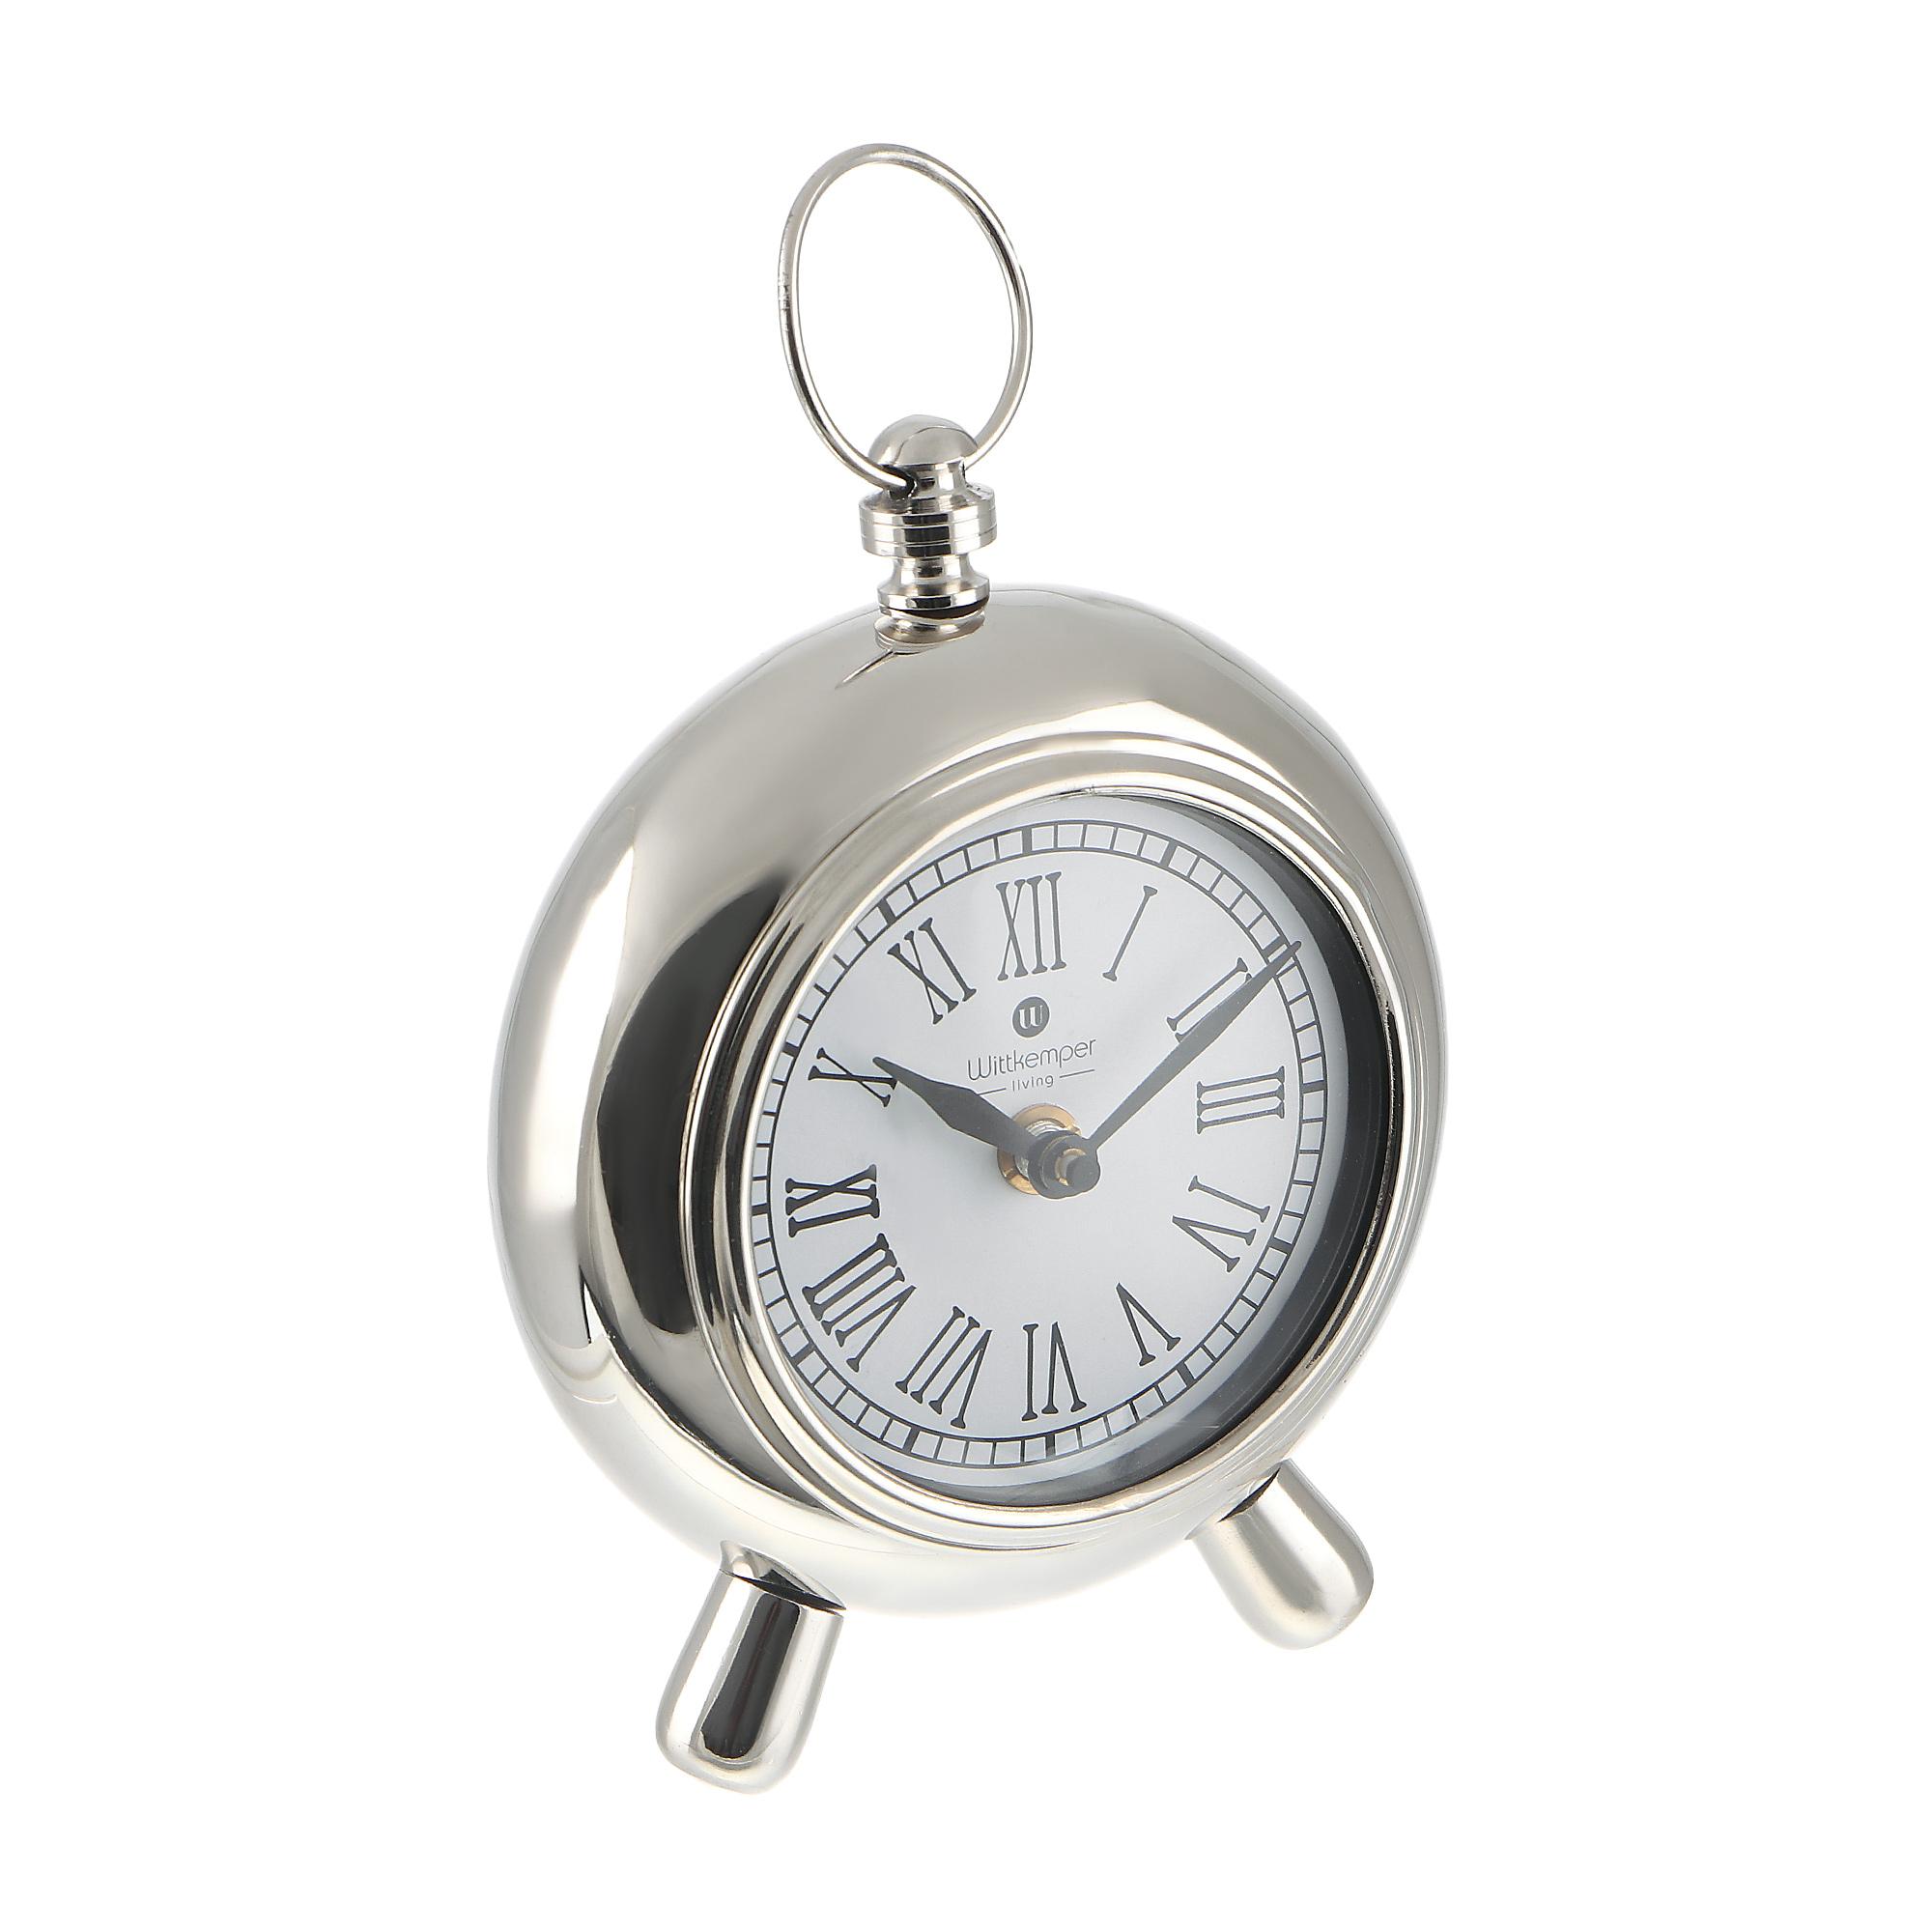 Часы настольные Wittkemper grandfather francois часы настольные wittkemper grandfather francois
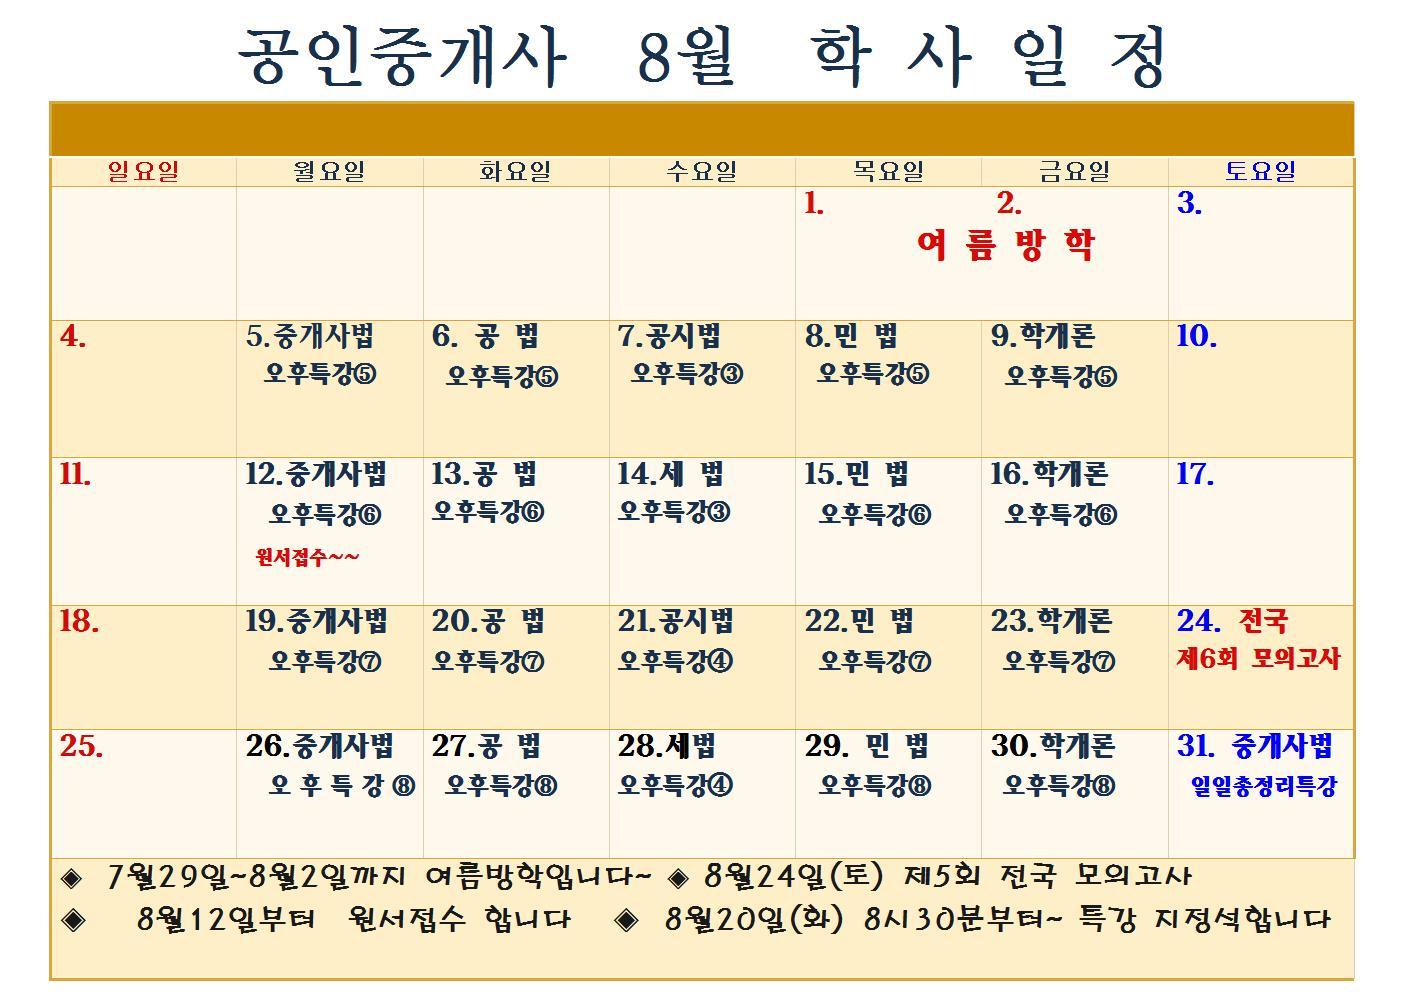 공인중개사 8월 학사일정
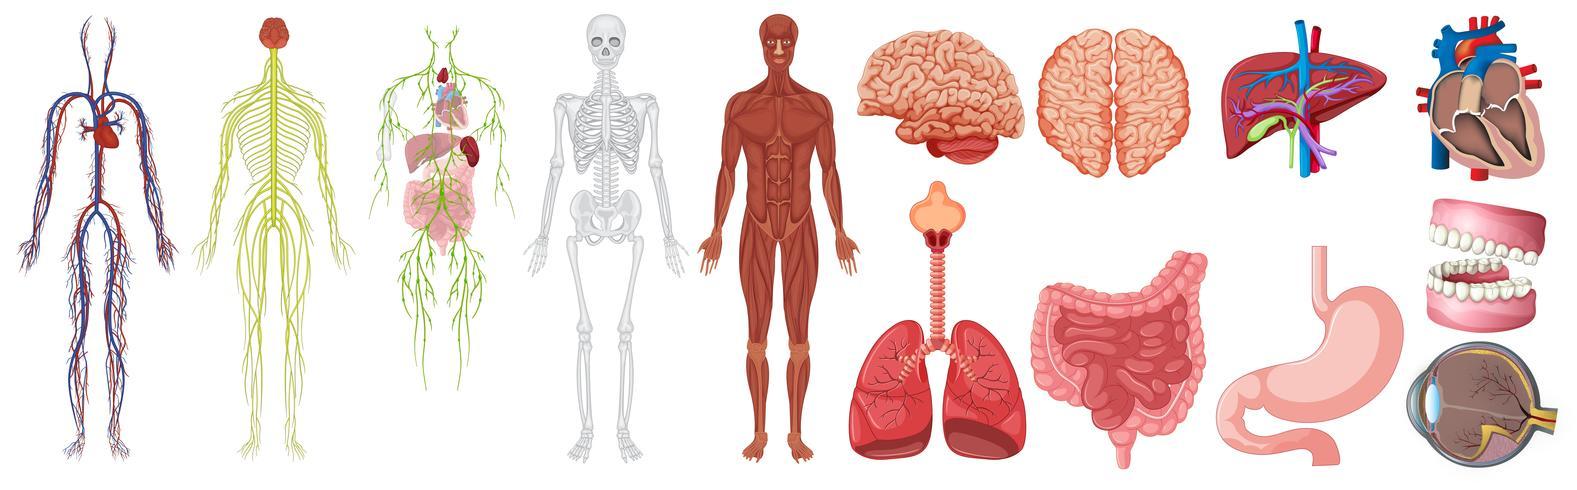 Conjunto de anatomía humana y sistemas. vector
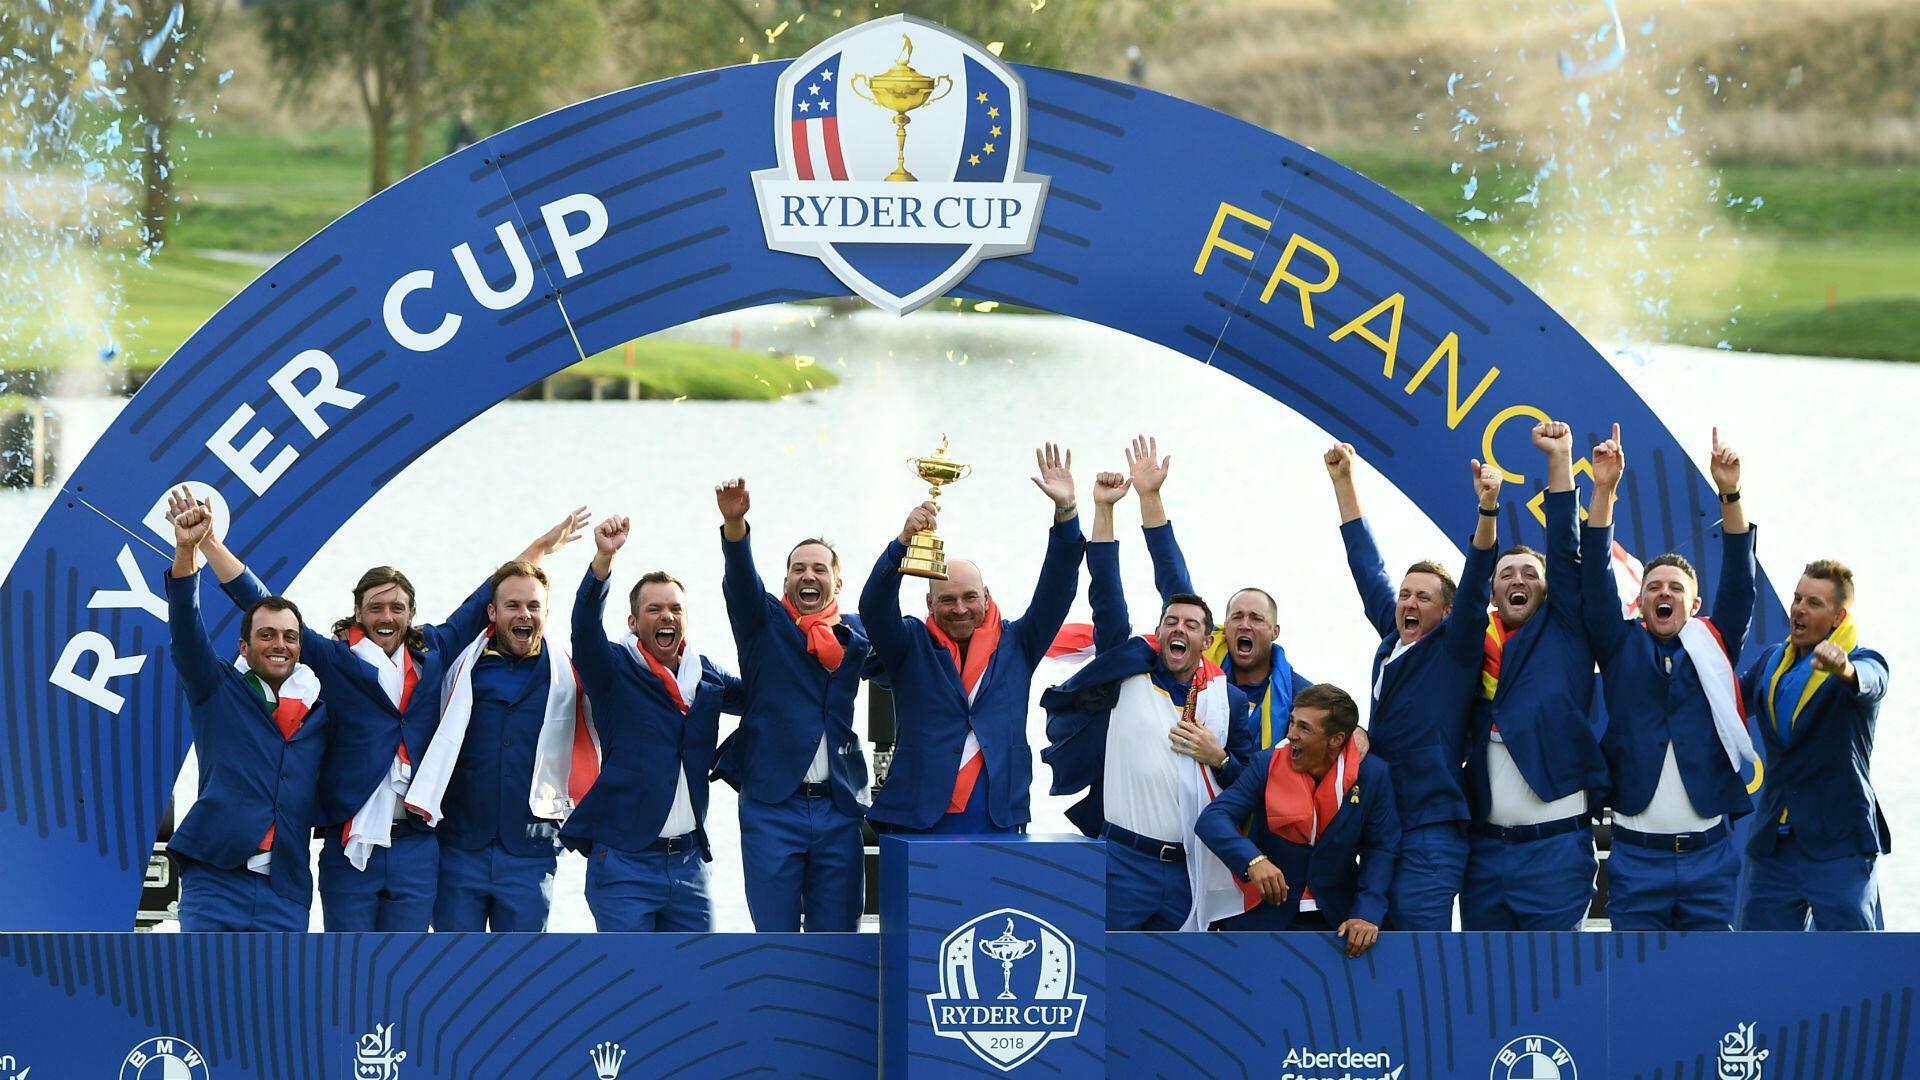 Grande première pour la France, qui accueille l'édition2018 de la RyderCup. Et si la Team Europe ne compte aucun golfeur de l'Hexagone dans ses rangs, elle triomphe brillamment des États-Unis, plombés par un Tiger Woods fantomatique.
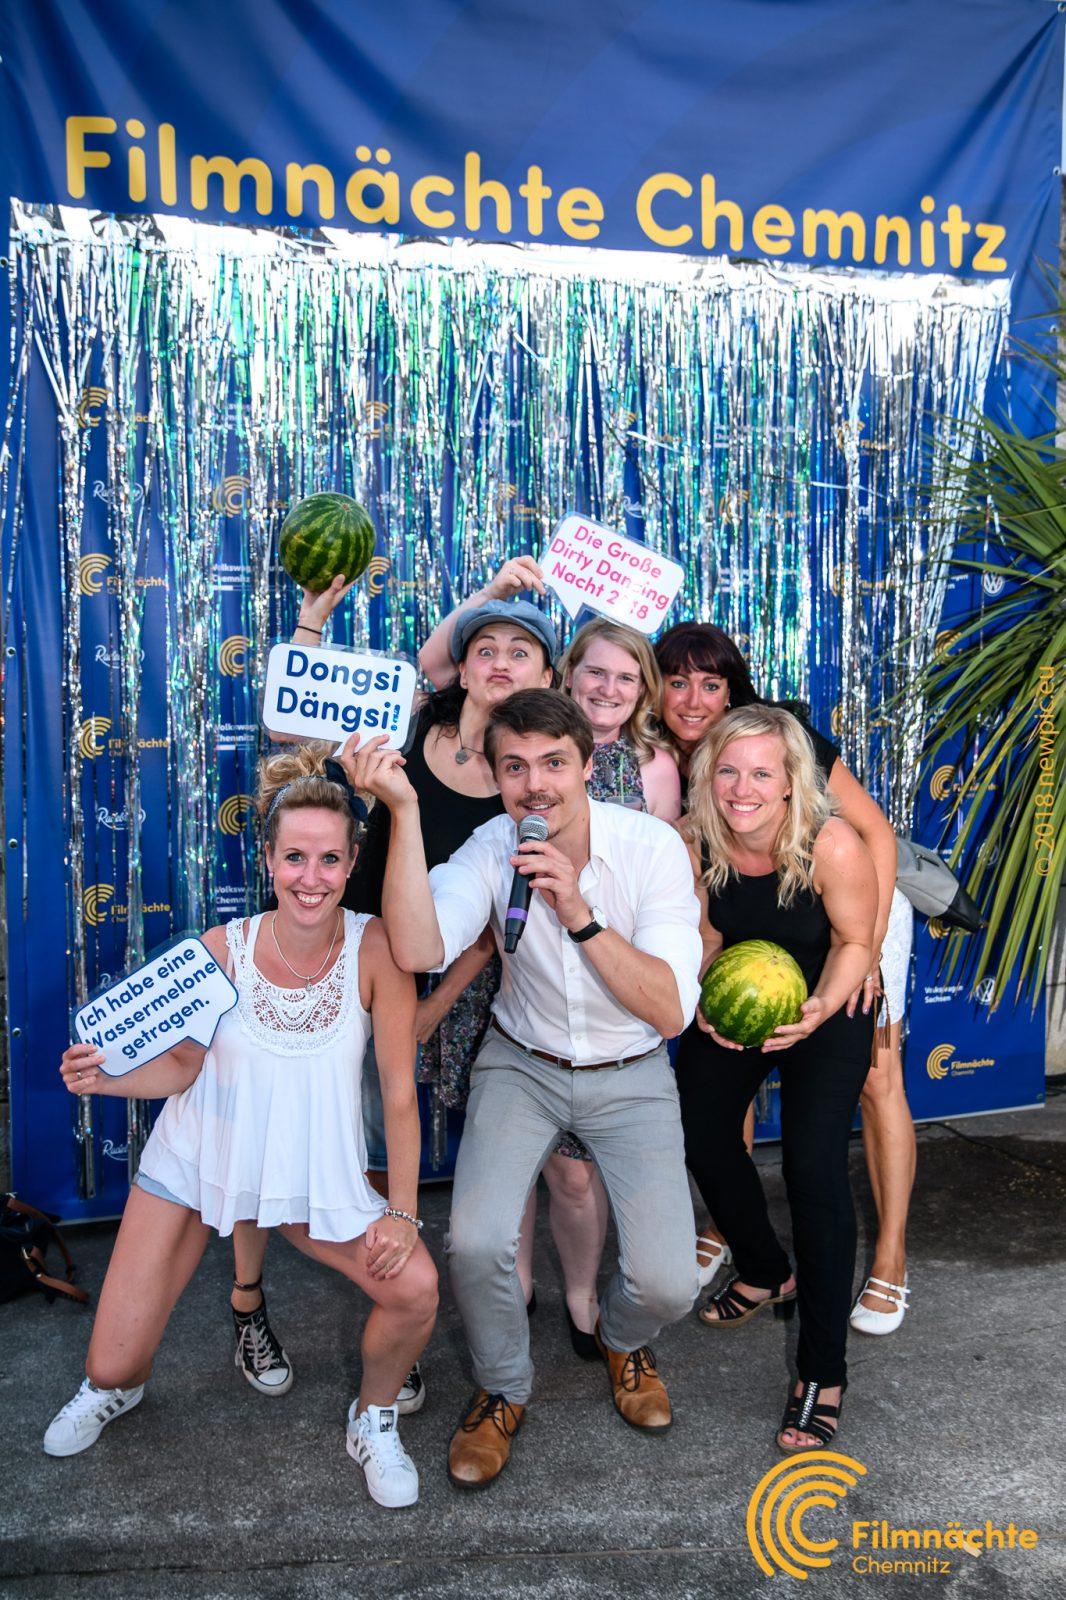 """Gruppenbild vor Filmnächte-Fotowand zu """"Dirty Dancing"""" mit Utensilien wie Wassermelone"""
════════════════
[WHAT THE TASK ASKS] With the pictures set aside, return each line of the listing exactly as given.

[RESULT OF THIS TASK]
 Часы настольные Wittkemper grandfather francois часы настольные wittkemper grandfather francois
 공인중개사 8월 학사일정
 Conjunto de anatomía humana y sistemas. vector
 Grande première pour la France, qui accueille l'édition2018 de la RyderCup. Et si la Team Europe ne compte aucun golfeur de l'Hexagone dans ses rangs, elle triomphe brillamment des États-Unis, plombés par un Tiger Woods fantomatique.
 """Gruppenbild vor Filmnächte-Fotowand zu """"Dirty Dancing"""" mit Utensilien wie Wassermelone"""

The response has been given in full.